In November 2008, Al Franken engaged in a protracted legal battle for the Senate seat of incumbent Norm Coleman. Coleman was initially declared winner by a narrow margin, prompting Franken to call for a series of recounts. Eventually, in June 2009, after an eight-month legal battle, the Minnesota Supreme Court unanimously ruled that Franken’s victory should be certified. Minnesota’s Governor declared Franken to be the winner, providing Democrats with a 60-vote filibuster-proof majority in the Senate.
While Coleman had the option to appeal the decision with the United States Supreme Court, he opted against it, concerned that any further legal challenge would hurt his state.

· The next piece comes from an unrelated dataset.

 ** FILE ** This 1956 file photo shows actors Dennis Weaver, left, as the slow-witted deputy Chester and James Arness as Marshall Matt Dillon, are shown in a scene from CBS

With Murkowski trailing behind Miller by 1,700 votes, a potential legal challenge is possible. According to the Alaska Division of Elections, as of Saturday, the organization has yet to count 23,000 votes, of which 14,000 are absentees and 9,000 are disputed ballots, reports the Los Angeles Times. None of the votes will be counted before Tuesday.

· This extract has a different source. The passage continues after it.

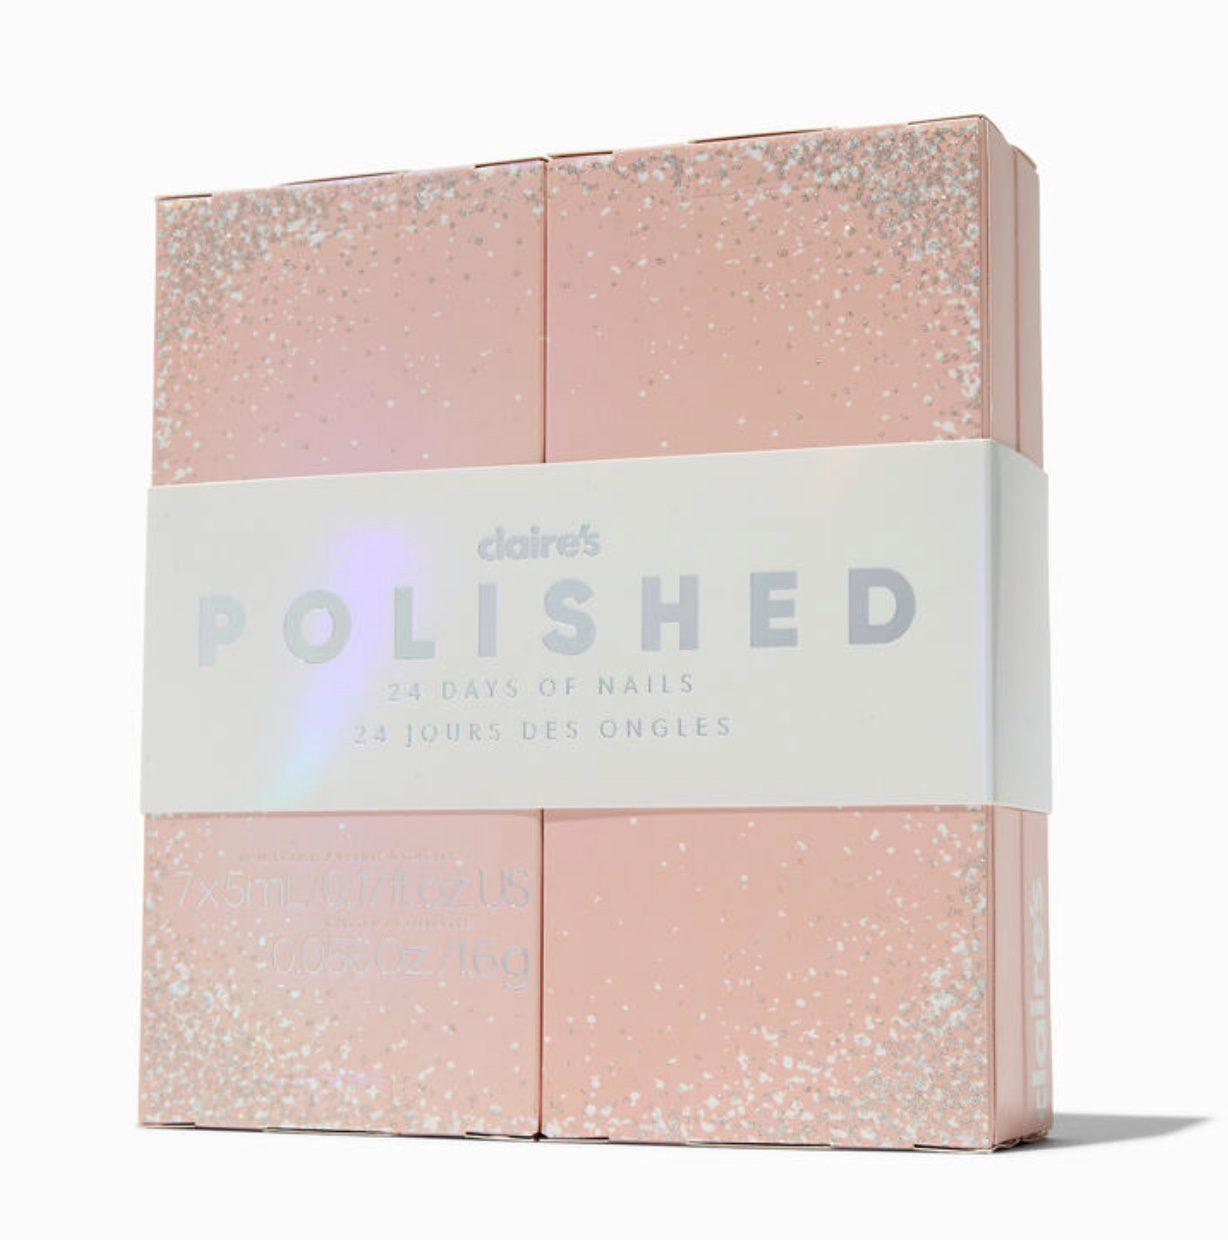 Read more about the article Claire’s Polished 24 Days of Nails Advent Calendar

However, the Anchorage Daily predicts that Murkowski is unlikely to receive the necessary 56 percent of the uncounted votes.
Miller accuses Murkowski and the National Republican Senatorial Committee of potentially setting the stage for a legal dispute by “meddling” in the Senate race.
In an interview with Fox Business Network, Miller explained, “We are looking right now to make sure that the election — that the votes — are accounted for fairly, without any type of game play.” He added, “It concerns us any time somebody lawyers up and tries to pull an Al Franken, if you will. We are very concerned that there may be some attempt here to skew the results.”
Miller specifically indicated concern over the lawyer, Sean Cairncross, who works for the GOP Senate campaign committee and who headed to Alaska to assist Murkowski.
“You know we are concerned. We’ve got, I think, some game play going on here with the National Republican Senatorial Committee meddling in our primary election,” contends Miller. Noting that Murkowski continues to consider staying in the Senate race on the Libertarian ticket, Miller believes that the National Republican Senatorial Committee should not provide further resources on Murkowski’s behalf.
Murkowski, on the other hand, calls Miller’s concerns “paranoia.” She asserts, “We want to make sure that every Alaskan’s vote counts in this election. Mr. Miller shouldn’t be afraid of what the voters will have to say about this race.”
National Republican Senatorial Committee spokesman Brian Walsh declared, “We’ve made clear to both campaigns that whichever candidate is chosen as the nominee, they will have our full support.”
Alaska’s GOP Senate primary is a prime example of Tea Party candidates coming up against establishment Republicans, in what has been dubbed by Democrats as “infighting.”
Miller’s position is closely aligned with that of the Tea Party movement, calling for less reliance on the federal government and greater reliance on the states. In an interview with CBS’s Face the Nation, Miller said, “The government is going bankrupt. I don’t think anybody can deny it. I think the answer to this is to basically transfer the responsibilities and power of government back to the states and the people. That is really the only answer, I think, out of this crisis.”
According to The Hill, “The primary campaign was contentious and drew national attention in its final days due to Palin’s involvement. Murkowski was critical of Palin for writing a Facebook note calling her [Murkowski] part of the problem in Washington and referencing the fact that she was appointed to the seat by her father, then-Gov. Frank Murkowski, who was unseated by Palin in 2006.”
If the uncounted ballots prove Miller to be the winner, he still must contend with the possibility of a three-way race that may not bode well for him.
The Los Angeles Times reports, “A survey released Sunday by the Democratic-affiliated Public Policy Polling firm showed Miller leading Democratic nominee Scott McAdams, mayor of Sitka, 47 percent to 39 percent. Murkowski would lead McAdams 60 percent to 28 percent. In a three-way race, Murkowski would lead with 38 percent to Miller’s 34 percent, with McAdams trailing at 22 percent.”